Combattre la stigmatisation
Les organisateurs nourrissent en revanche peu d’espoir de la part des célébrités russes. Une sportive russe gay qui a soutenu précédemment la Fédération LGBT a ainsi été priée par ses parraineurs de ne pas s’exprimer publiquement sur la cause gay avant les JO de Sotchi, a indiqué Elvina Iouvakaïeva sans la nommer. Et en août, la perchiste russe Yelena Isinbayeva avait suscité une vive polémique en prenant la défense de la loi interdisant la « propagande » homosexuelle devant mineurs. «
La propagande des relations non traditionnelles serait un grand signe de non-respect des citoyens de notre pays et de nos lois », avait-elle déclaré, dans un anglais approximatif. Avant de revenir sur ses propos. La Fédération LGBT russe a été fondée par Konstantin Iablotski et Viktor Romanov, un enquêteur à la retraite qui s’occupait de la lutte contre le crime organisé dans les années 1990, après leur rencontre en 2010 aux « jeux gays » de Cologne, en Allemagne.

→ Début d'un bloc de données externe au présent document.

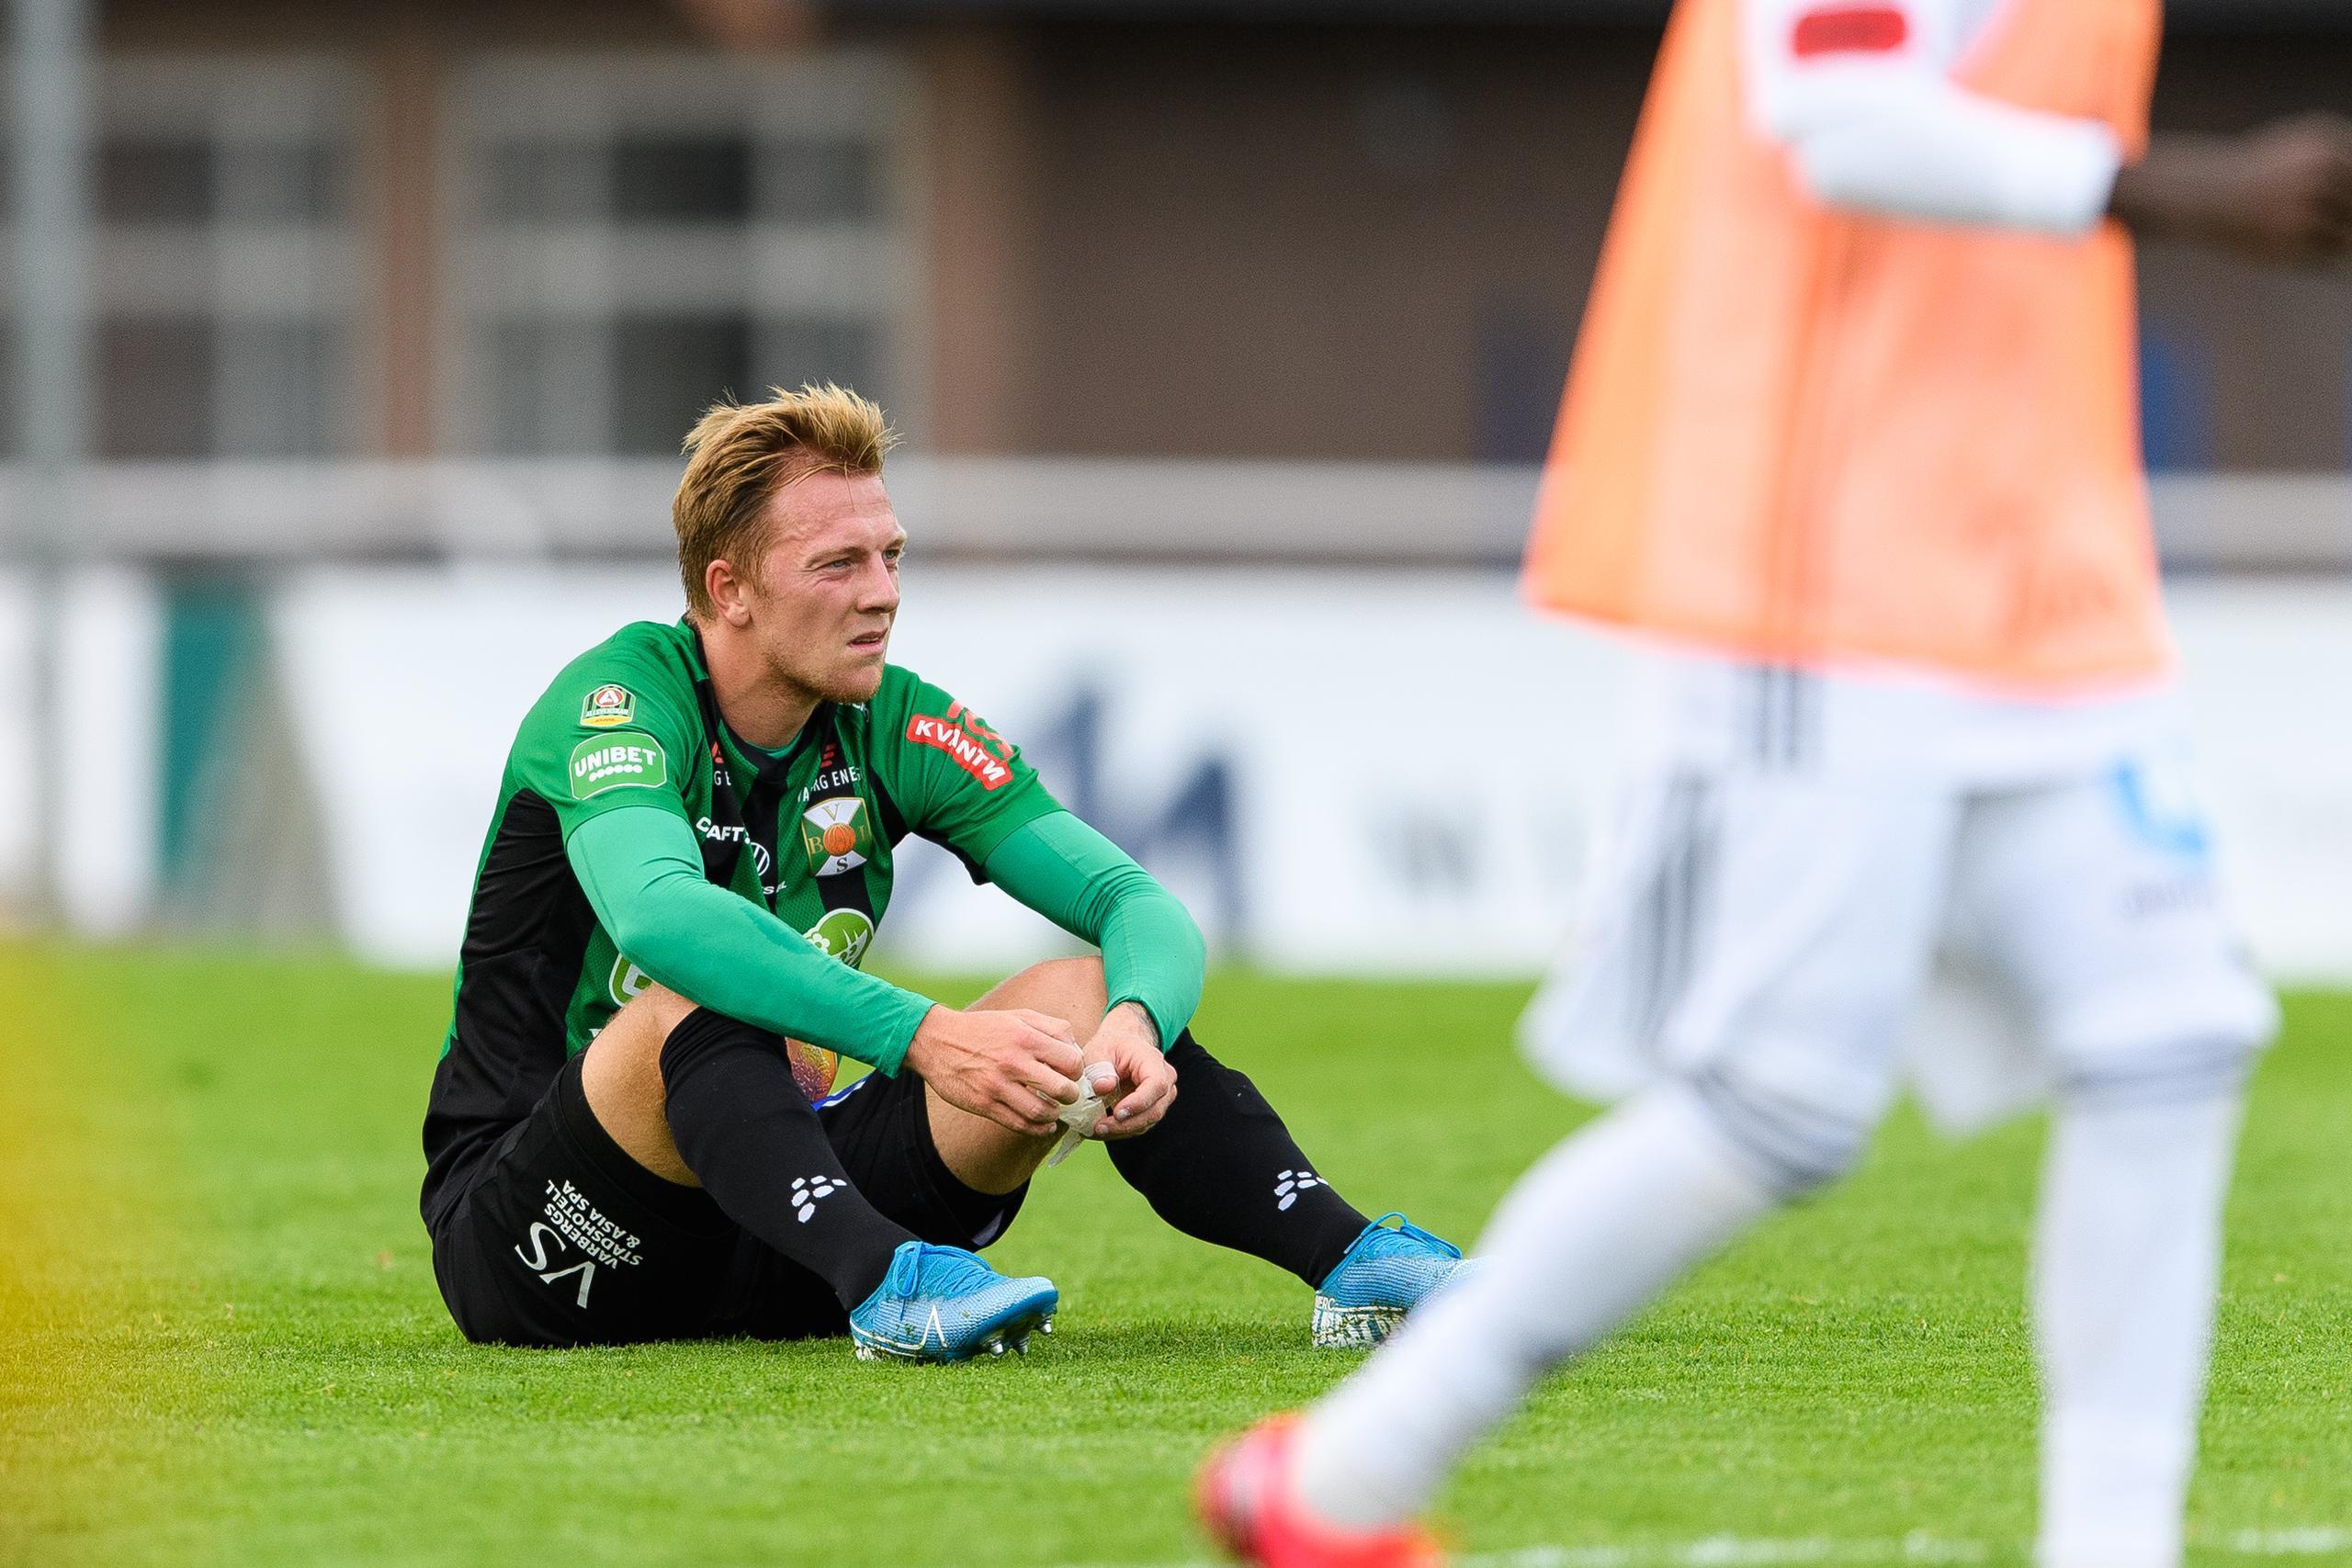 Varberg tappade segern i slutsekunderna

L’association sollicite régulièrement le ministère des Sports pour obtenir des subventions. Elles sont systématiquement rejetées. « Nous voulons dialoguer avec les autorités, les ONG et le public », souligne Elvina Iouvakaïeva. « Nous voulons faire un effort pour arriver à ce que notre communauté ne soit plus stigmatisée ».